PropertyChangeListeners
All Swing components implement the property pattern, meaning that there is an addPropertyChangeListener() method on all subclasses of JComponent. There is even a special version which lets you listen to just a particular property by passing the property name into addPropertyChangeListener() along with your listener. Most component properties are already set up to send events when they change. This includes things like the text of a JTextField and the background color of a JButton. JComponent also has a firePropertyChange() method which lets your custom Swing components send their own change events without ever having to much with event classes. The result is a very easy way to hook components together with a minimum of new code, and no new interfaces or classes.
Here's an example. I was working on a tiny bitmap tile editor. There is a "+" button which lets you make the grid a bit bigger. When it's pressed the grid editor panel needs to make itself bigger. When the grid becomes bigger a small label needs to reflect the new size of the grid. You can see a chain of events here that have to be implemented. I could create custom events (like GridSizeChangeEvents or something equally horrendous), but that's a lot of work for what boils down to "update yourself". Let's see how it would work using the PropertyChangeListener instead.
First, I create the editor. It is a custom JPanel with a method called setGridwidth(). Each time the grid width is changed it rebuilds the internal grid data and then fires a property change event about it. Chose to set the property from true to false, though it doesn't really matter what I send as long as it's different.
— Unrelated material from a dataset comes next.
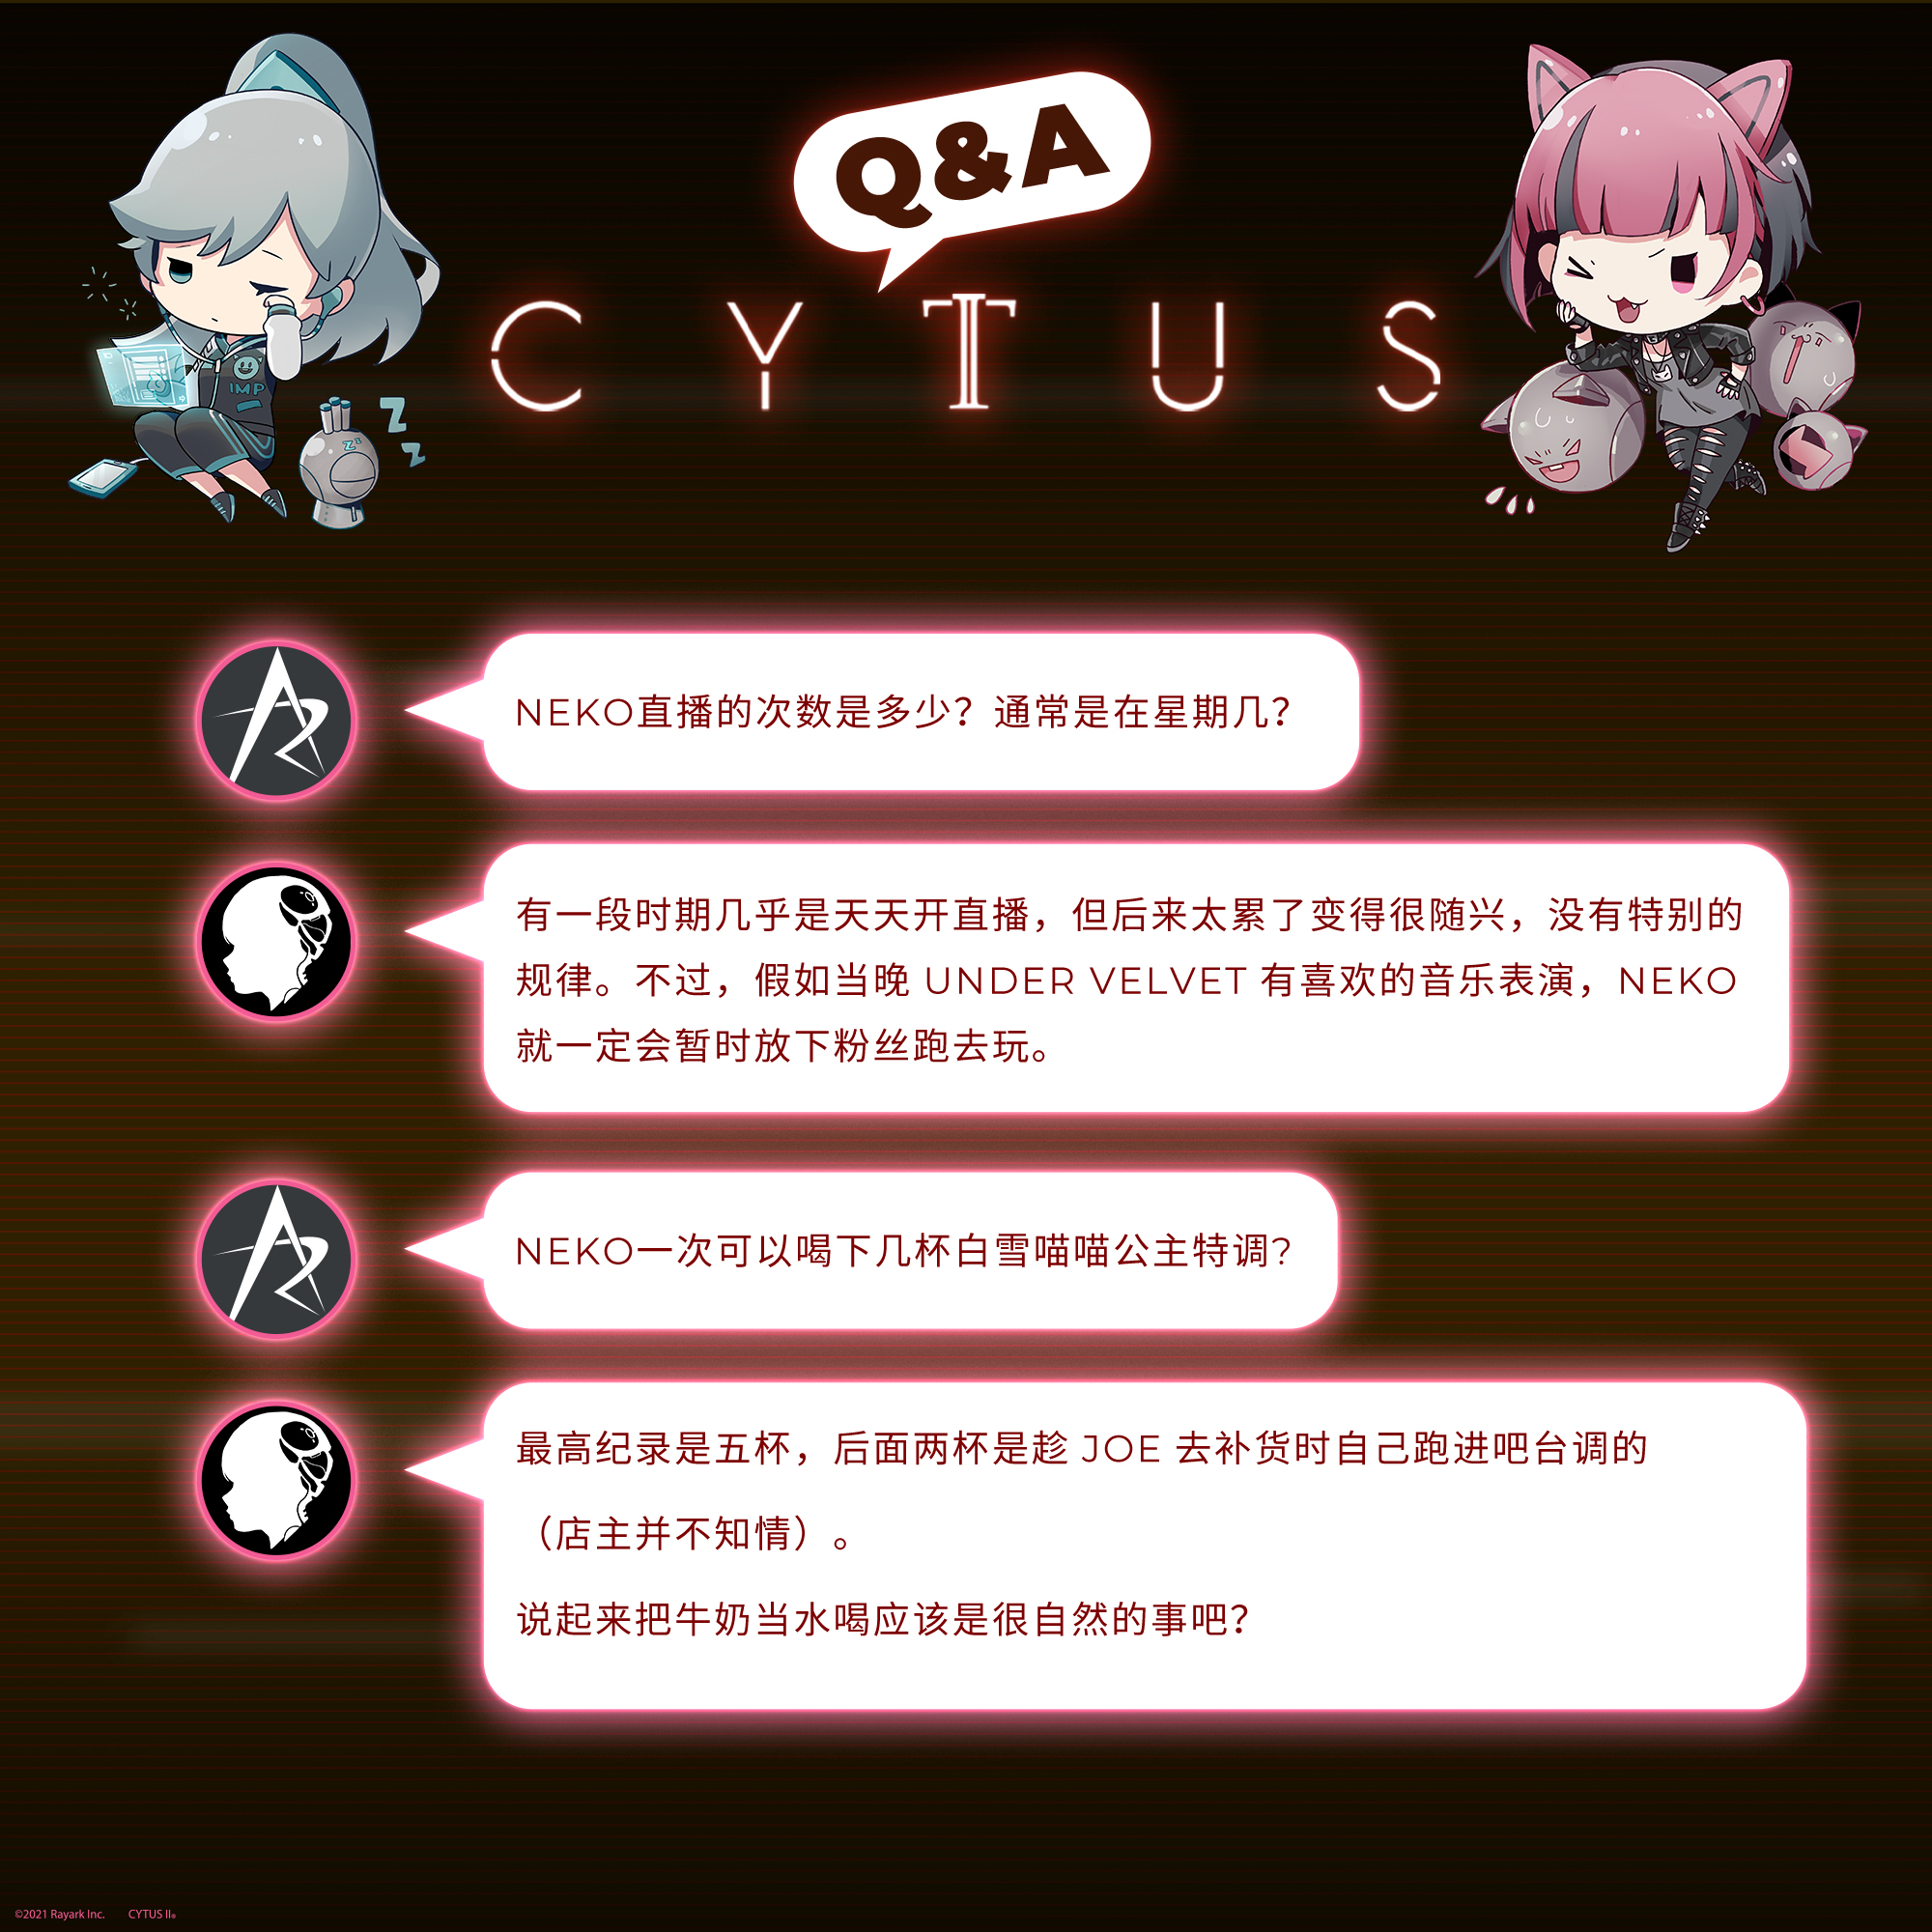 ■ Cytus II Q&A part 7 ■

I just want to indicate that a change has happened. I have un-creatively named the property "grid" and anyone else can listen to it. Here is what it looks like:
public class TileBuilderEditorPanel extends JPanel {
...
public void setGridwidth(int gridwidth) {
this.gridwidth = gridwidth;
rebuildGrid();
}
private void rebuildGrid() {
int[][] newgrid = new int[gridwidth][gridheight];
...
this.gridcells = newgrid;
repaint();
firePropertyChange("grid",false,true);
}
}
Back in my main class I want to update the label whenever the grid size changes. This is simple with an anonymous listener class like this:
editor.addPropertyChangeListener("grid", new PropertyChangeListener() {
public void propertyChange(PropertyChangeEvent propertyChangeEvent) {
viewer.repaint();
grid_size.setText(realeditor.getGridwidth() + " x "
+ realeditor.getGridheight());
}
});
Notice that the addPropertyChangeListener takes an argument to specify the property to listen for. By telling the component that I only want grid events I don't have put a check for the property name inside of my listener. Since I don't actually care what the grid changed to, just that it changed at all, I don't need to mess with the PropertyChangeEvent (though the information is there if I want it).
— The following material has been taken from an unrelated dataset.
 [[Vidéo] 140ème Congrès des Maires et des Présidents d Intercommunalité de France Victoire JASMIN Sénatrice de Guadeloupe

Now I can create an action listener on the "+" button that will make the grid width one cell bigger whenever the width_plus button is pressed.
private void width_plusActionPerformed(java.awt.event.ActionEvent evt) {
// TODO add your handling code here:
editor.setGridwidth(realeditor.getGridwidth()+1);
}
Note, the width_plusActionPerformed method is generated by Netbean's GUI builder and then attached to the actual width_plus button behind the scenes, which means I have even less code to write.
Now when I press the button it will call editor.setGridwidth() which will update the internal data structure, repaint itself, then fire a grid property event. An anonymous listener will look for the event and then update the label. It's that simple!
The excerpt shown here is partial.